Reactivation of cytoprotective responses in adult worms by early life stress associated sensory cues. Epifluorescent microscopic images (a,b,c) representing, and quantification of (d,e,f), the effect of re-encountering E. coli OP50 on the expression of hsp-6::GFP in AM treated (a,d), as well as hsp-6::GFP (b,e) and gst-4::GFP (c,f), in PQ treated adult nematodes, respectively. Boxes represent median and first and third quartiles and whiskers represent tenth to 90th percentiles. n = number of independent assays. Statistics: p values were obtained by the non-parametric Kruskal-Wallis test. n.s, not significant, *p < 0.05, **p < 0.01, ***p < 0.001.

Early life stress induced adult stress tolerance is not further enhanced by imprinted memory retrieval

Finally, we investigated how early life toxin exposure per se and reactivation of the imprinted defense memory interferes with the toxic stress tolerance of adult worms. To address these questions, adult worms exposed to AM or PQ on OP50 bacteria in the L1 stage were placed onto plates containing BS or OP50 lawn six hours prior to a lethal toxic stress using the same toxins (Fig. 5a). Toxin exposure during the L1 stage induced an approximately twofold increase in survival compared to naive animals (Fig. 5b,c). However, the re-encounter with OP50 neither altered survival rates in naive nor in toxin-imprinted worms (Fig. 5b,c). Thus, early life toxin exposure at the doses employed induces a lasting and robust stress tolerance in adulthood, which is not further enhanced by retrieval of the imprinted memory.

Figure 5

Early life stress induced adult stress tolerance is not further enhanced by imprinted memory retrieval. (a) Schematic of the adult toxin tolerance assay. Effect of early life AM (b) or PQ (c) exposure and the re-encounter with toxin-associated OP50 cues on the survival rates of adult worms subjected to the same toxins. n = number of independent assays. p values were generated by ANOVA followed by Fisher’s HSD post-hoc test. n.s, not significant, *p < 0.05, **p < 0.01, ***p < 0.001.

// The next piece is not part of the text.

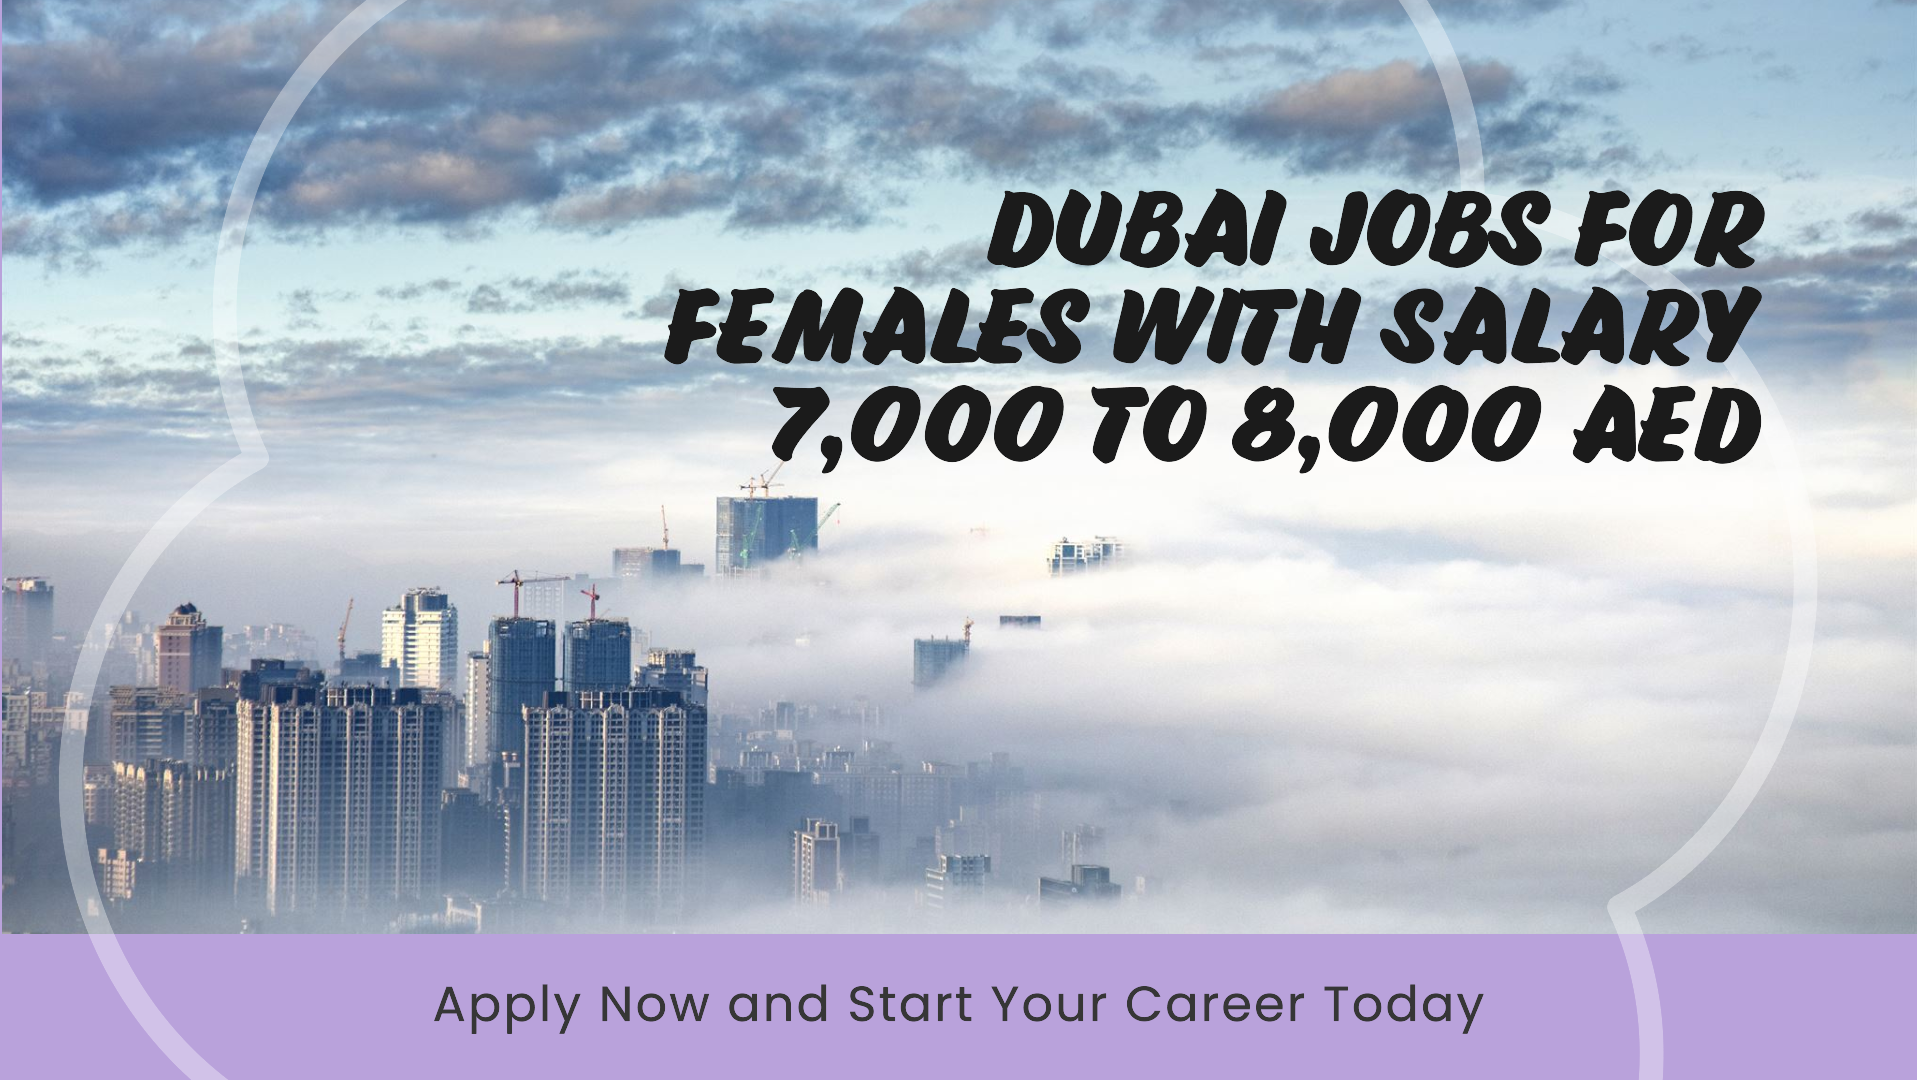 dubai jobs for females with salary 7,000 to 8,000 AED

In this study, we have established a novel experimental paradigm of early life stress and imprinting by exposing newly hatched C. elegans to toxic chemicals. We have shown that early life exposure to toxic stresses induces both locomotory avoidance of the toxin-containing food as well as toxin-specific systemic cytoprotective responses in L1 larvae. This experience, however, does not form a persistent aversive behavioural memory, but imprints a cytoprotective memory that is reactivated by re-encounter of adults with toxin-associated bacterial sensory cues (Fig. 6).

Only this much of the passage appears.